This one is the "what can we shoot that's dramatic with a really small cast and give everyone stuff for their reel?" feature that's essentially a horror movie as people are trapped in a remote location and will be killed by nature. Sometimes that is sharks, sometimes that is getting wedged between rocks. This one is the desert.
I find these movies mostly deeply unappealing in a "your whole movie could have been an email" sort of way. Watching a large group of people get picked off by alligators or sharks? Sign me up! 90 minutes of a small group go through therapy and only one lives? I'll take a pass.
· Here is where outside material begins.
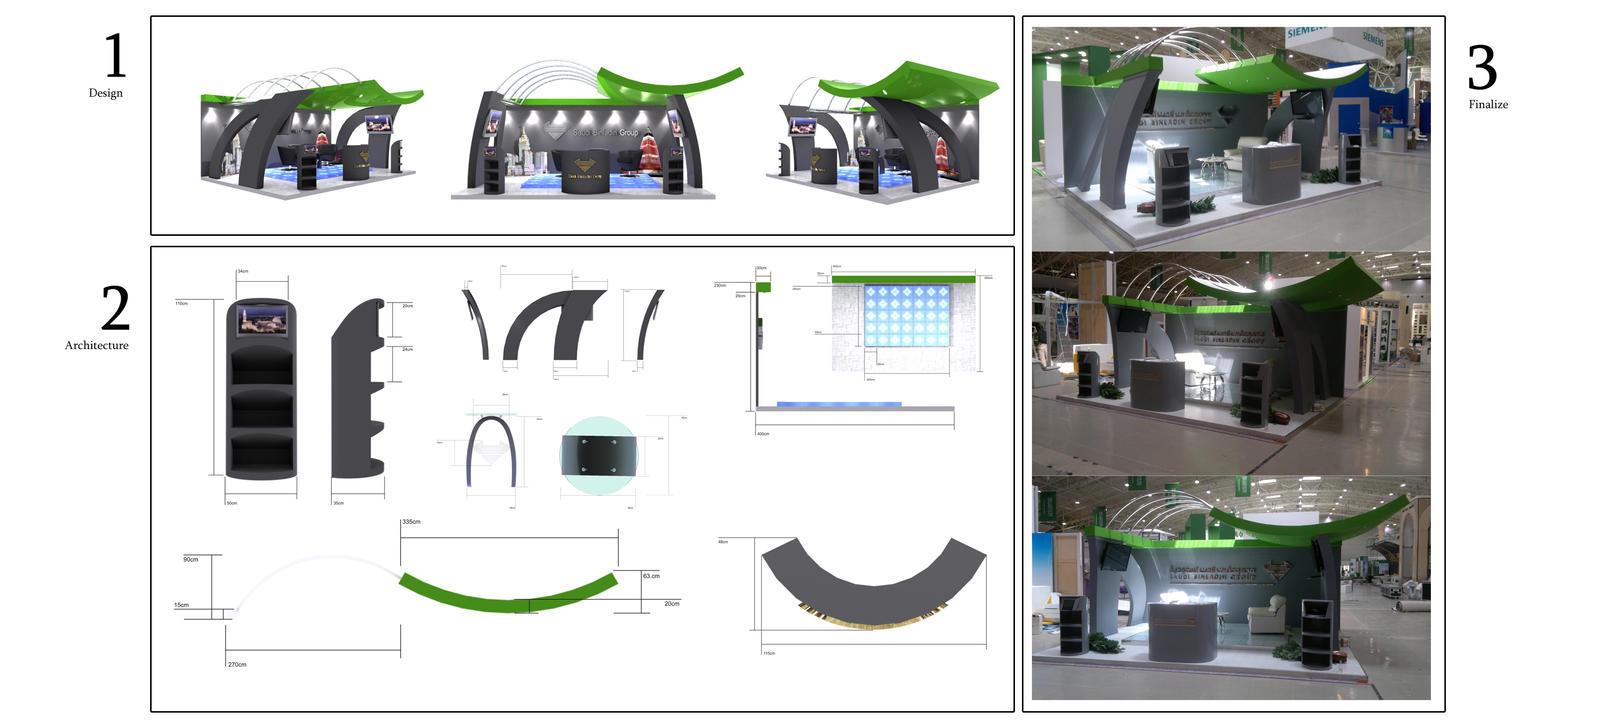 D Exhibition Designer Job In : Sbg exhibition design finalize by g studios on

Usually the movies move slowly, are often melodramas at their heart (otherwise, why care?), and you spend the whole movie wondering why they made this and that bad decision.
Frankly, YouTubers trying to describe real-life human disasters are at least sharing something interesting because it (mostly) really happened, and is not just a made up story of some dipshits who do something stupid and pay for it while I watch.
So, yeah, I was not at all excited to spend 90 minutes watching people slowly die of thirst in the desert .
In this movie, after crashing their car in the desert, the 4 person crew stays where they are, chooses to avoid the roads? Stays in one place all night instead of walking when it's cool out. One of them is, of course, a complete asshole, which feels like a legal requirement. And one has their shit together/ just happens to know everything about sharks or whatever, and no one wants to listen to them. In this case, a nurse or doctor (the movie says both) who has enough knowledge to know how boned they truly are.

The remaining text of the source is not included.